I grew up in the New York area a life time Yankee fan but only went to my first game in 1965 when they began a period of years being terrible. My first real baseball memory was going to Yankee Stadium with my Father for a Sunday double header. In those days they hung all the Championship banners off the roof top facade on Sundays. It was impressive. For years I rooted for the Horace Clarke Yankees, then rejoiced when Sparky Lyle was obtained from the Red Sox for Danny Cater. When the Yankees got good in the late 1970s it was my first taste of seeing them win anything.

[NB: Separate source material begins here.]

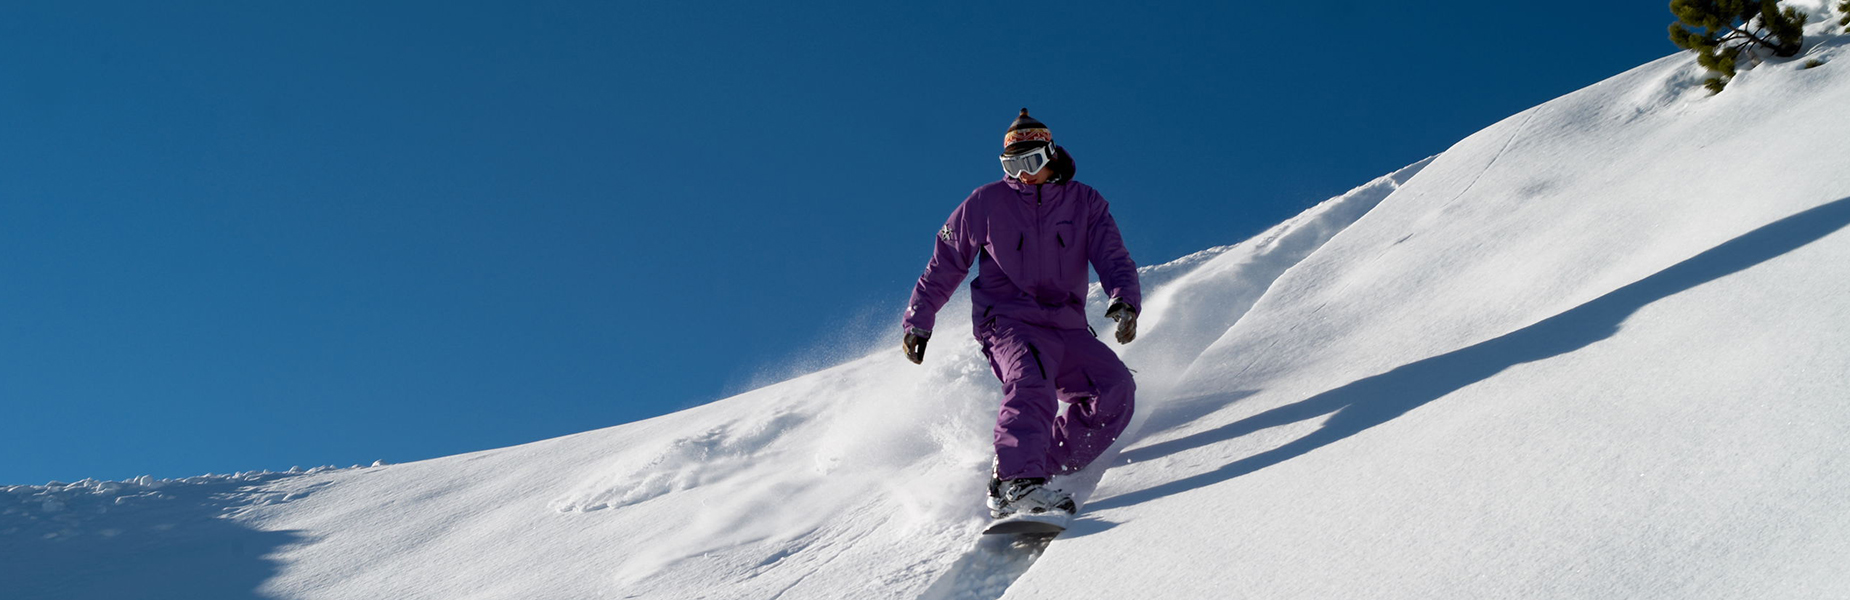 Snowboardkursedirekt online buchen

I got into broadcasting in college and had the chance to go to several Yankee and Red Sox games to interview players like Catfish Hunter, Oscar Gamble, Cliff Johnson, and Jim Rice. Rice put me off the first time I approached him for an interview, then he came back and said, "You still got those questions?" I even interviewed Bily Martin one night before he got fired and replaced by Bob Lemon. Billy was very nice to me when I talked with him. He answered my questions and then said "Glad to have you with us". Of course I was dumb struck listening on the radio to Old Timer's Day from my summer job and hearing the announcement from Bob Shepard that Martin would come back the next year as manager.
We went to the Sunday game of the four game sweep in Boston early in September and I remember how dejected the Red Sox faithful were. We hustled back down to New York to see a game of the followup series at Yankee Stadium the next week. The Red Sox were gritty to come back and tie the Yankees on the last day of the season setting up the playoff game.

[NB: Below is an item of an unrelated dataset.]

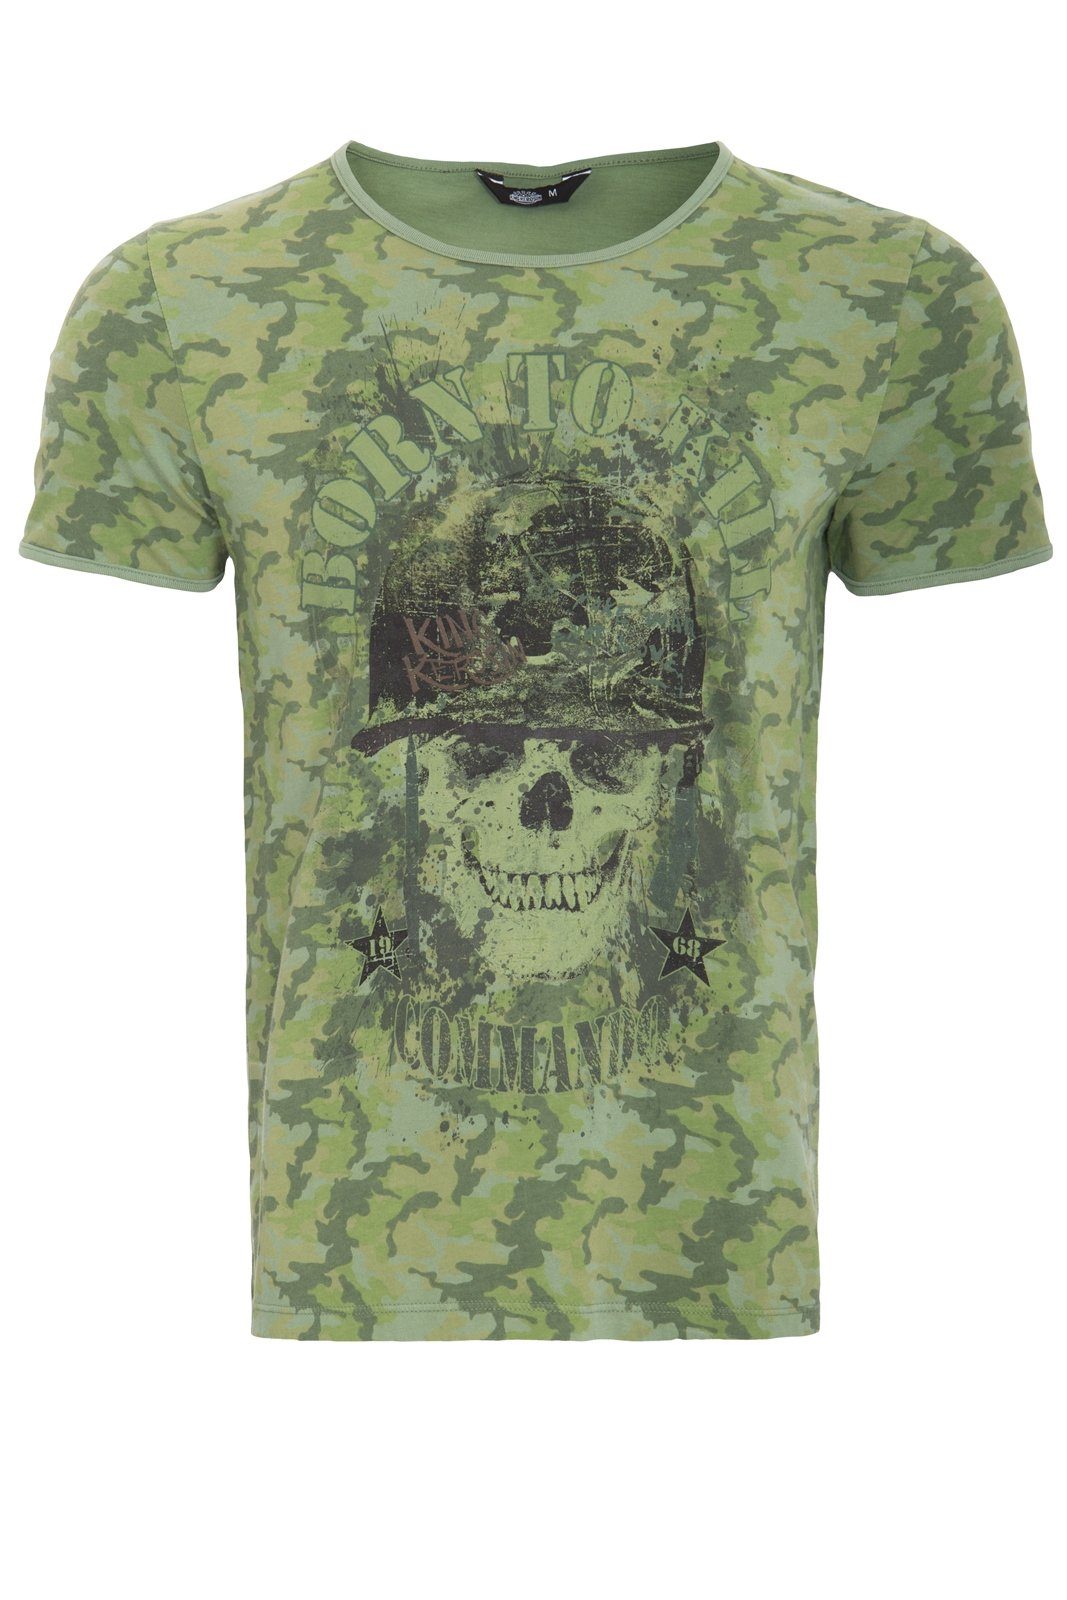 KingKerosin T-Shirt born to kill mit Tarn-Alloverprint und Skull-Motiv Evergreen

The campus was dead quite that afternoon of Oct 2nd as everyone who absolutely didn't have to be in class or at a team practice crowded around tvs to watch the game. We had a party in my Fennel Hall dorm room watching on my old black and white set. The suspense was amazing. When Bucky hit the home run it seemed important but not yet decisive. There where innings left to play. The outs counted down. At the end of the game we poped a Champagne cork out the window. (the drinking age at that time was 18).
It is fortunate to have had such a great memory for a 21st birthday. I can hardly remember the World Series that year, the rivalry with the Red Sox had been so intense. It was a great time when a baseball game still can still be one of the most important things in your life. I look forward to reading this book.

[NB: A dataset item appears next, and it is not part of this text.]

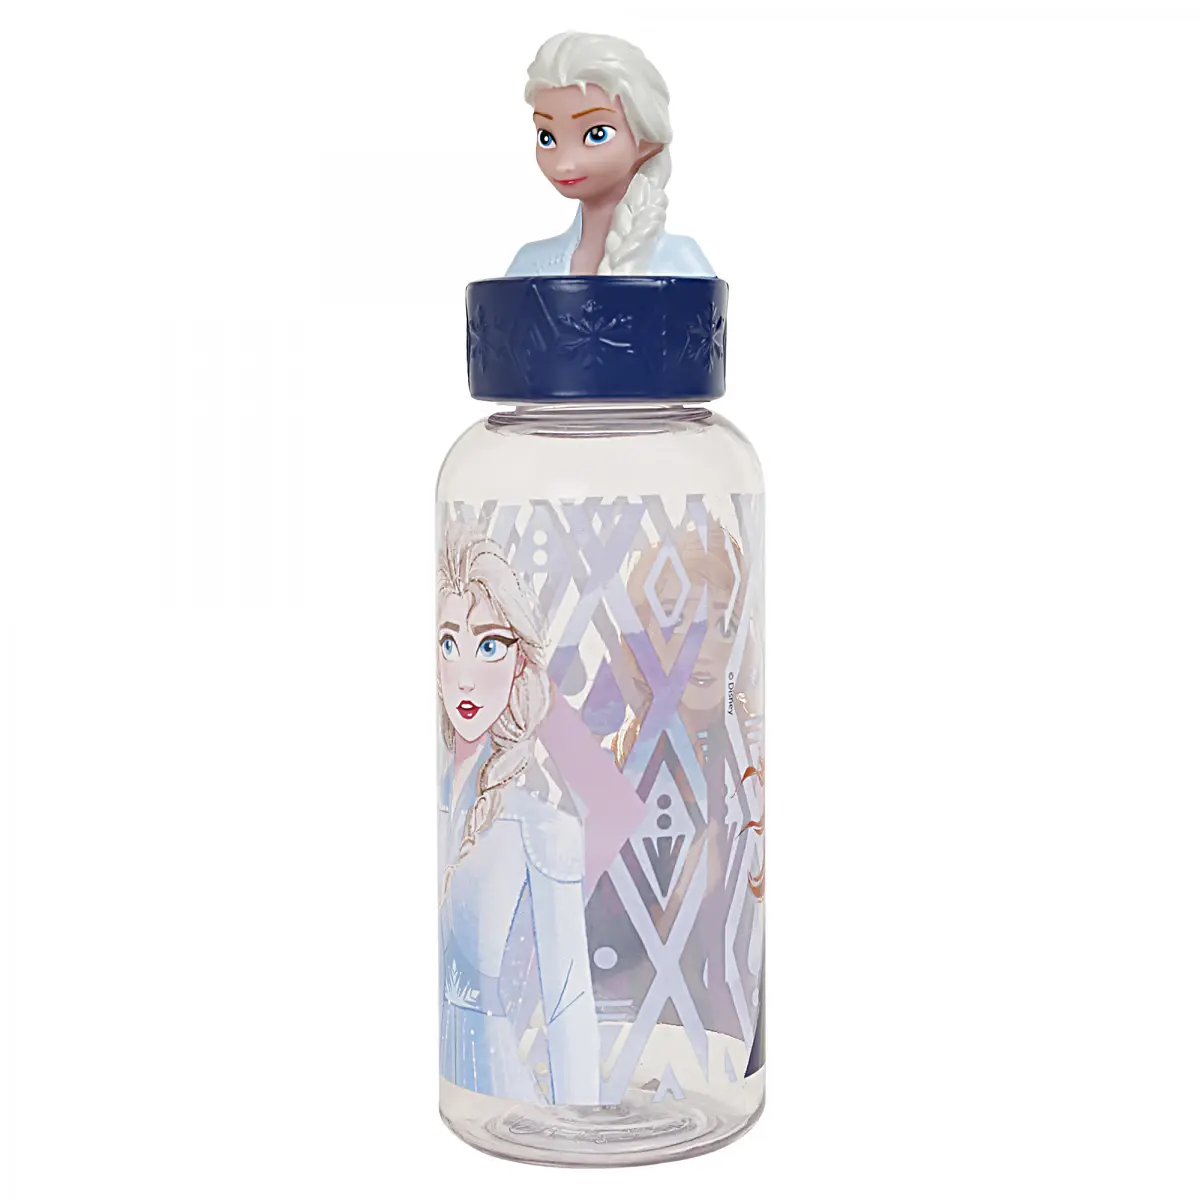 Disney Frozen Stor 3D Figurine Water Bottle, 560ml, Multicolour

Ken Kraetzer White Plains, NY
kgkraetzer@aol.com
Jonathan Schwartz has one of the worst cases of Red Sox addiction that I have ever heard of. He has been a radio announcer in New York for over 30 years (that's enemy territory for Red Sox fans). To stay up with his beloved Red Sox, he spent almost $15,000 in long distance charges from 1970-77 to listen in to the air check for WITS in Hartford of the games (calling in from Paris in some cases).
This is a story first published in Sports Illustrated in 1978 and covers one of the worst periods in Red Sox history: The season when they blew a late 14 game lead to the dreaded Yankees. I lived in Boston at that time, and it was painful to recall the swoon. Yet at the end of the season, they pulled a comeback and tied the Yankees. There was to be a one-game playoff in Fenway Park (determined by a coin toss) on October 2, 1978. In a prior playoff against Cleveland in Fenway in 1948 (also on October 2), the Sox had lost 8-3.
During the slide, the worst time had been when the Red Sox lost four in a row in Fenway to the Yankees with less than a month to go. Schwartz recounts his reaction. In a funk, he impulsively walked out of his apartment with $50 and a credit card, and flew to California. Only after arriving did he remember to call his live-in girlfriend and tell her what he had done.
With the big game coming up, Schwartz thinks he should take it easy and watch the game on television. At the last minute, he cannot resist and calls in some markers to get a press pass.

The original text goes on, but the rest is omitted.